[DATASET EXCERPT]
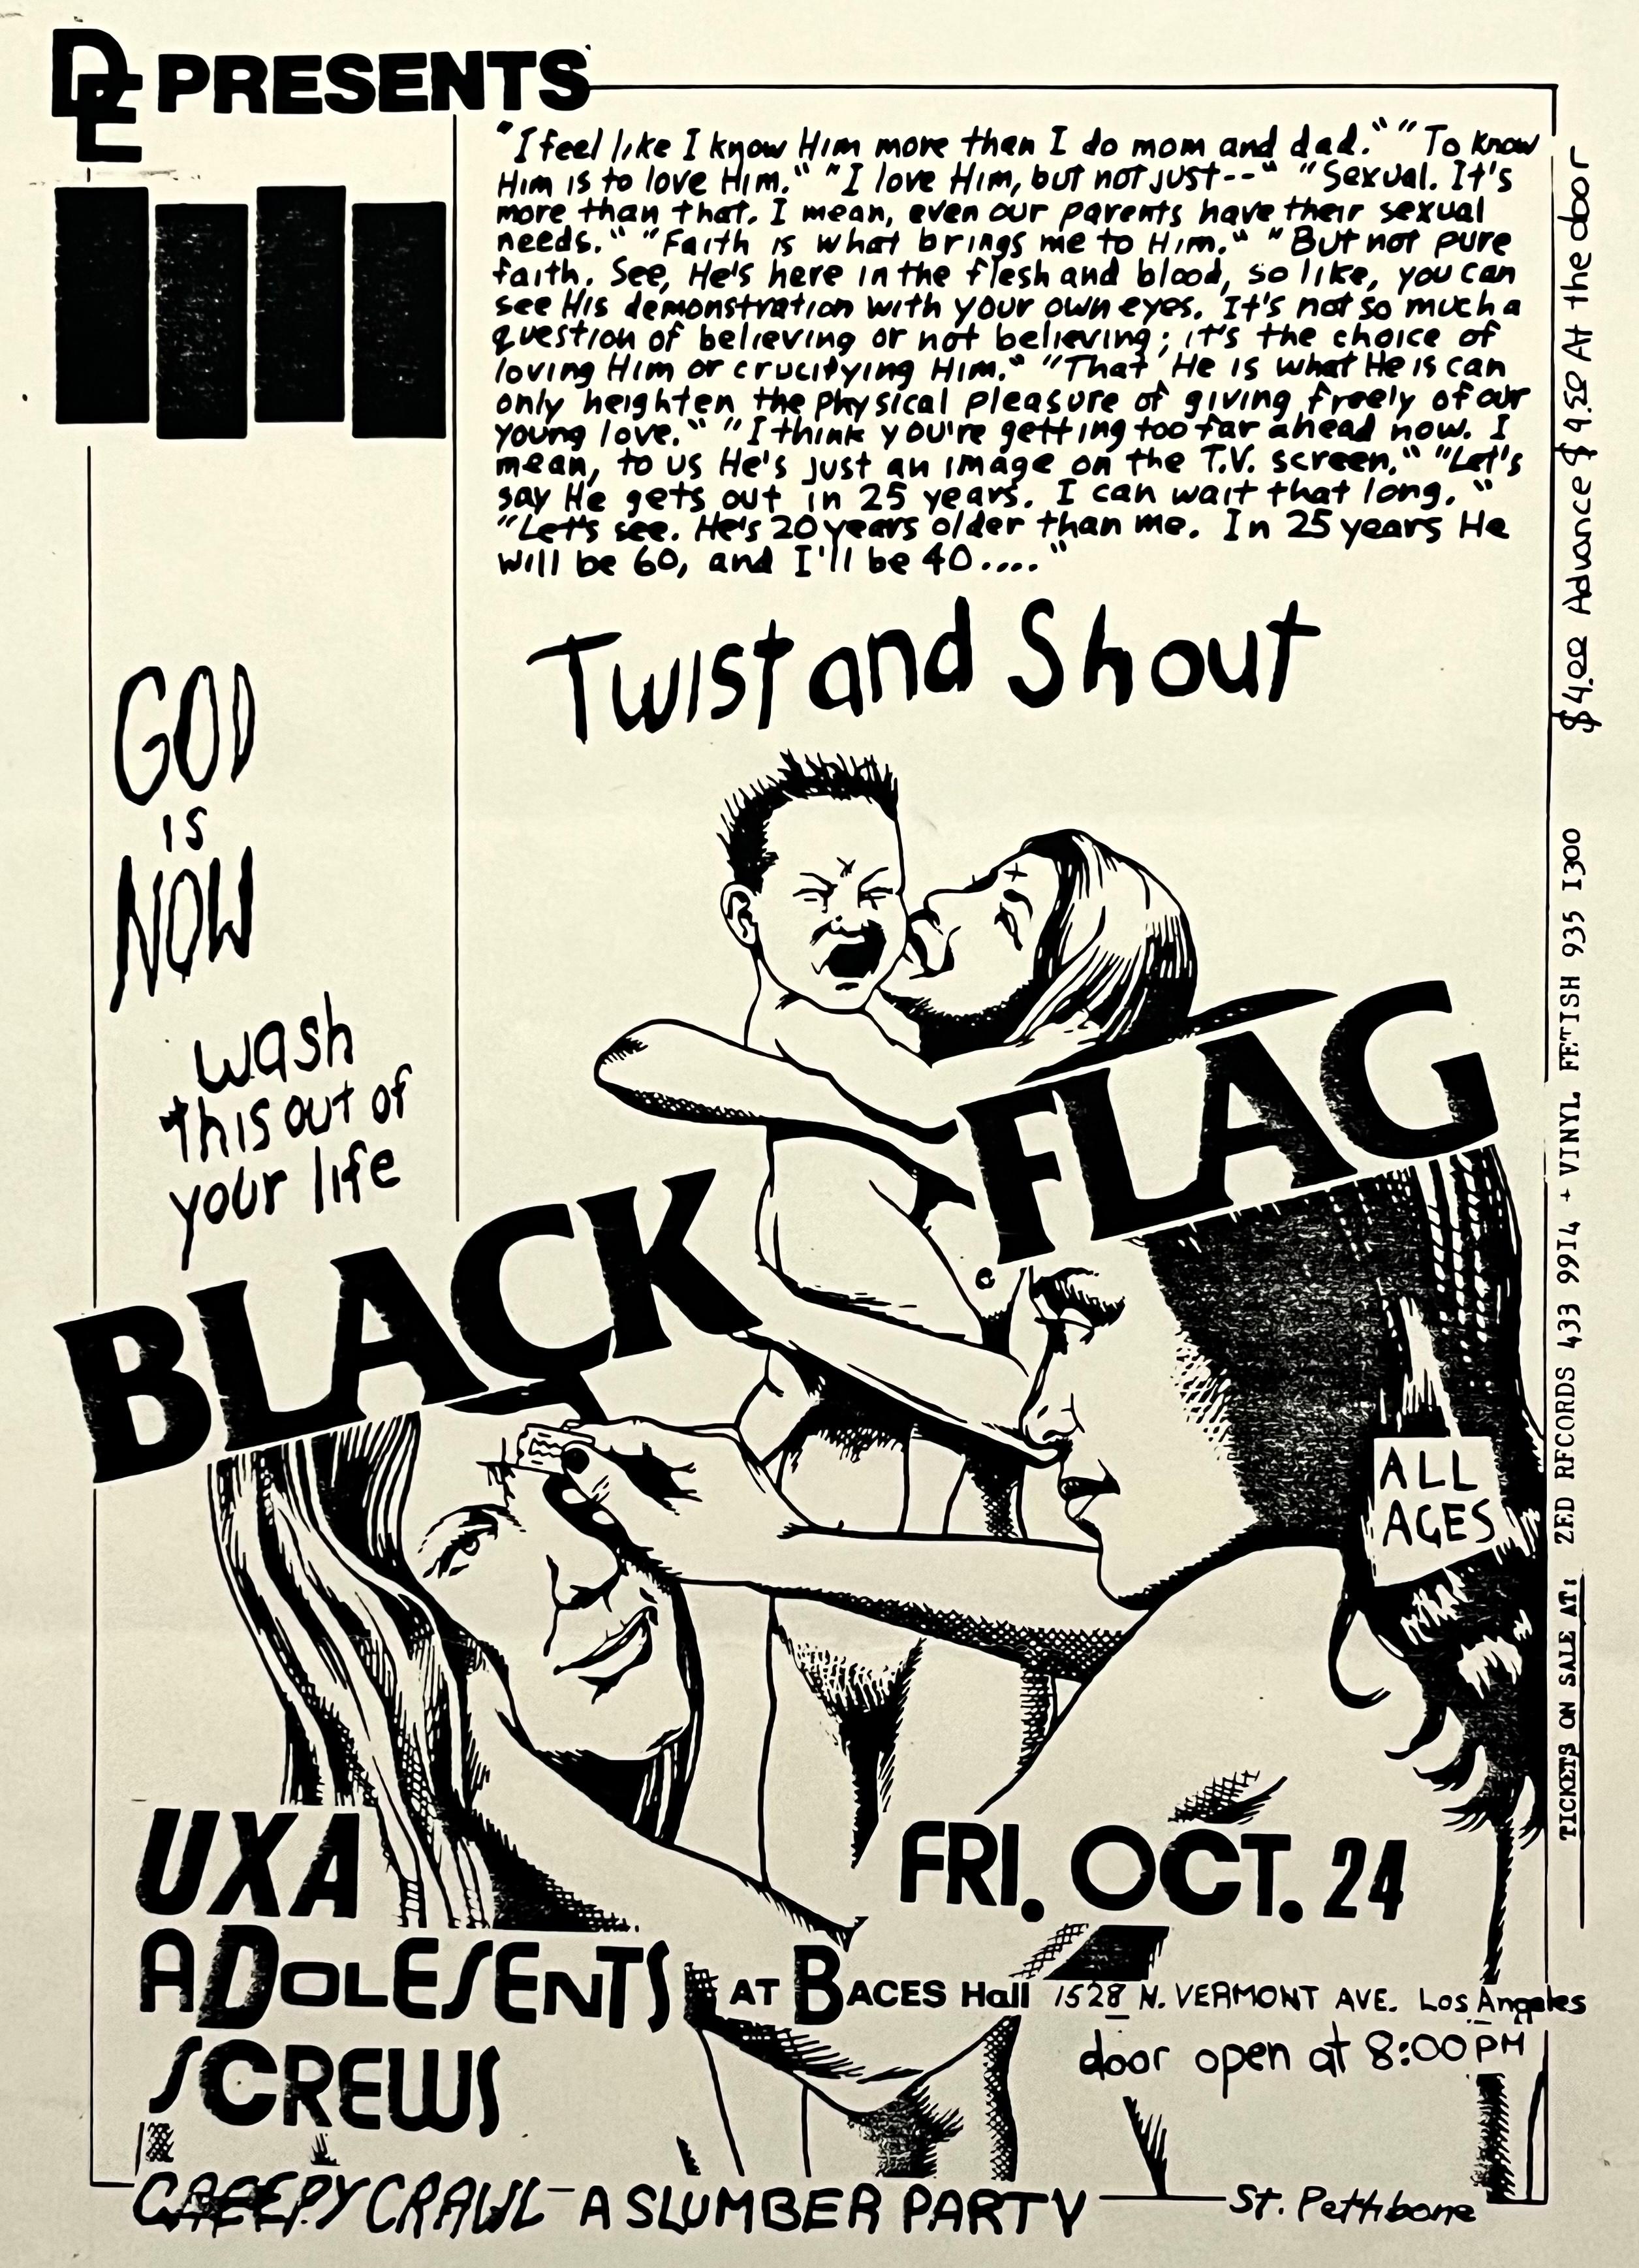 Tract illustré de Raymond Pettibon pour Black Flag, New York City 1981 :
Rare flyer punk du début des années 1980 illustré par Pettibon pour annoncer l'un des premiers concerts de Black Flag sur la côte Est, au Peppermint Lounge, New York, NY : 14
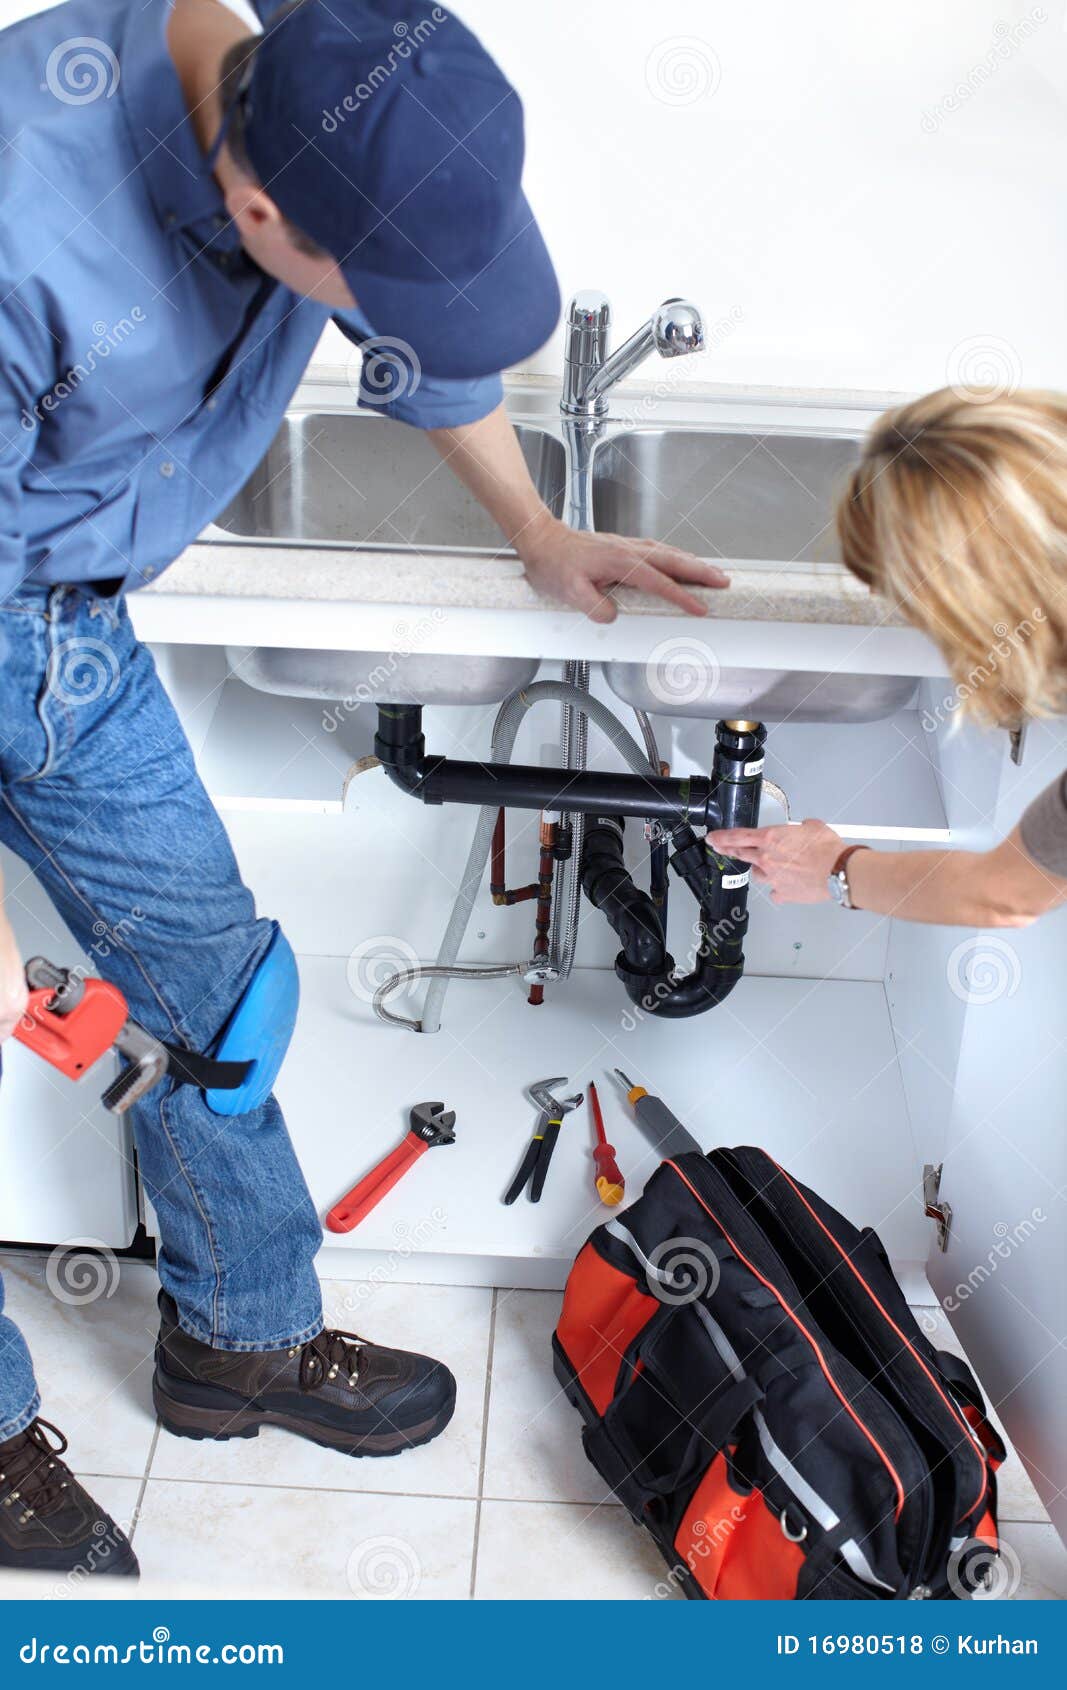 plumber-16980518.jpg

[DIRECTIONS FOR THIS TASK] Before handing back the copy, remove the pictures; otherwise print the data exactly.

[EXPECTED ANSWER]
 Tract illustré de Raymond Pettibon pour Black Flag, New York City 1981 :
Rare flyer punk du début des années 1980 illustré par Pettibon pour annoncer l'un des premiers concerts de Black Flag sur la côte Est, au Peppermint Lounge, New York, NY : 14
 plumber-16980518.jpg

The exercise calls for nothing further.